Requirements to fix this issue

• An Apple developer account
• Knowledge of the build process (upstream at RedHat?) (a.k.a. the magic that puts everything at mirror.openshift.com)

The steps users have to take if they don't want to disable security settings

1. oc get updated (by manual download of with Brew)
2. User tries to use it. (Or opens a new terminal and it gets used for shell completion)
3. A warning message appears and the user clicks Done

4. User opens System settings and finds the Security menu.
5. User resets/overrules the warning.

6. User tries to use oc again. Warning reappears.
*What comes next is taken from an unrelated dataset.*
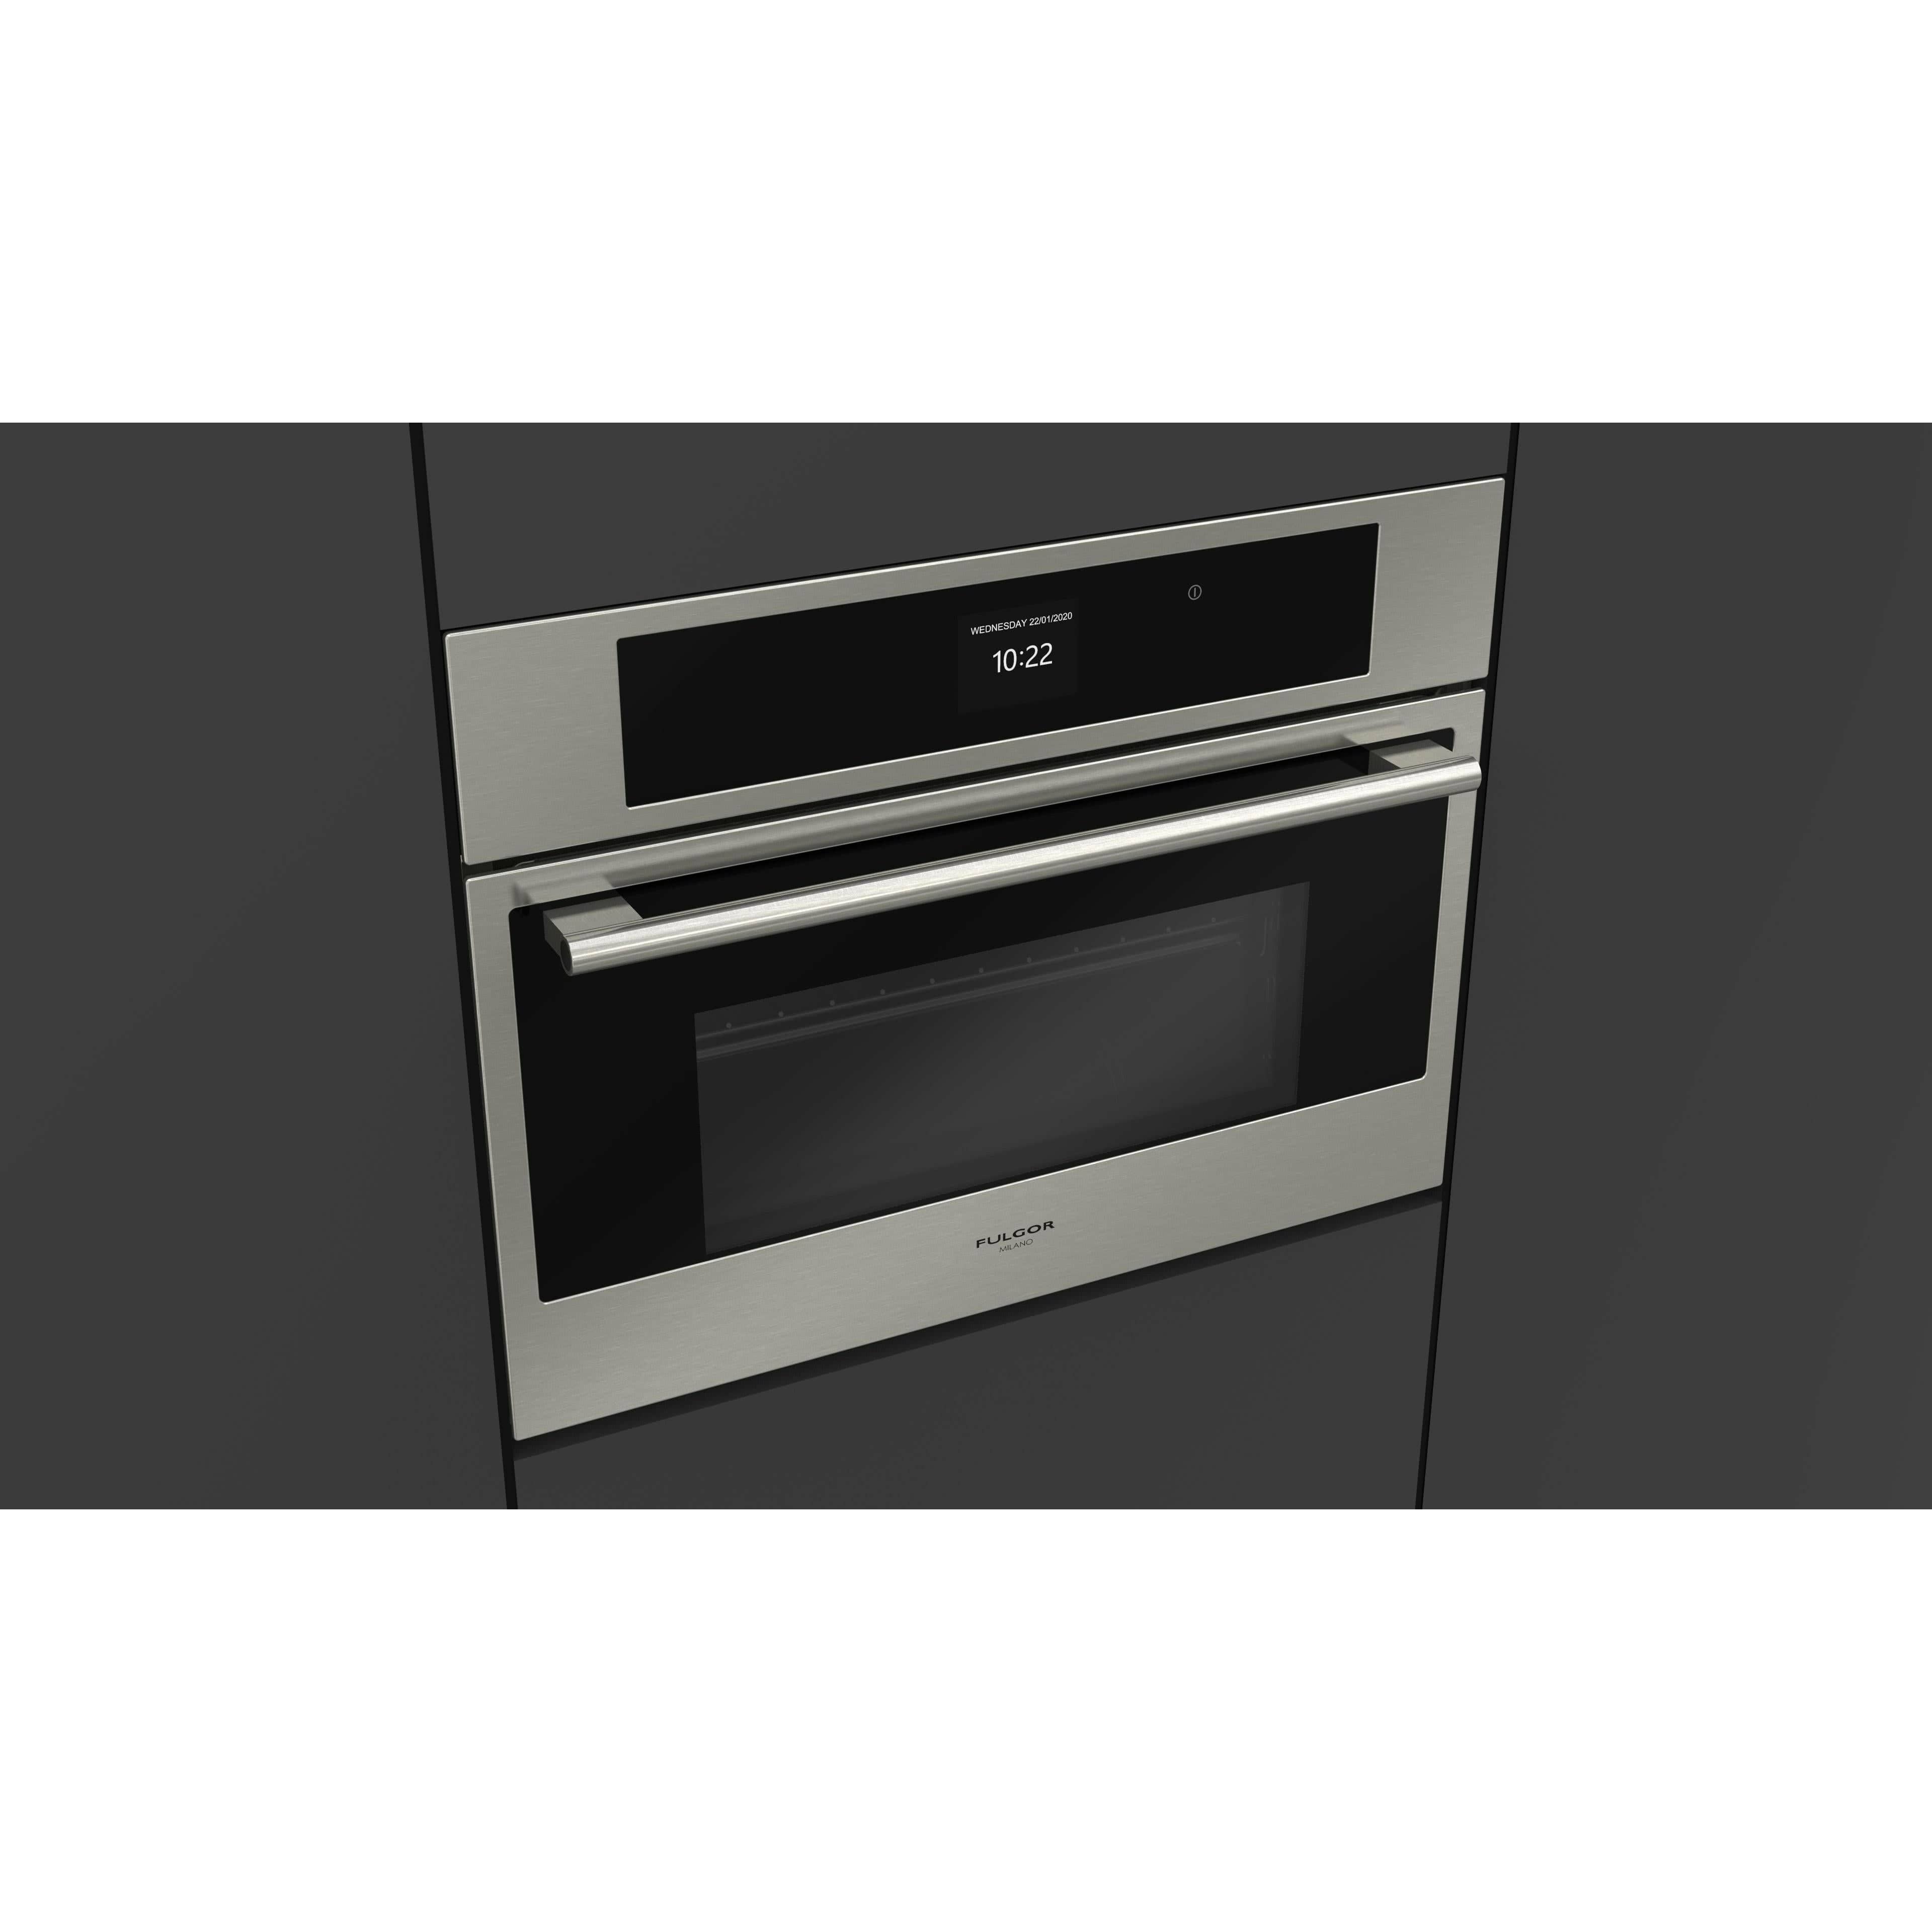 Fulgor Milano 24" Built-In Single Steam Wall Oven with Creactive Cooking System - F7SCO24S1 Wall Oven F7SCO24S1 Luxury Appliances Direct

7. User uses administrator/sudo rights to ignore the warning and stops being bothered until the next update.

[openshift-bot]

Issues go stale after 90d of inactivity.

Mark the issue as fresh by commenting /remove-lifecycle stale.
Stale issues rot after an additional 30d of inactivity and eventually close.
Exclude this issue from closing by commenting /lifecycle frozen.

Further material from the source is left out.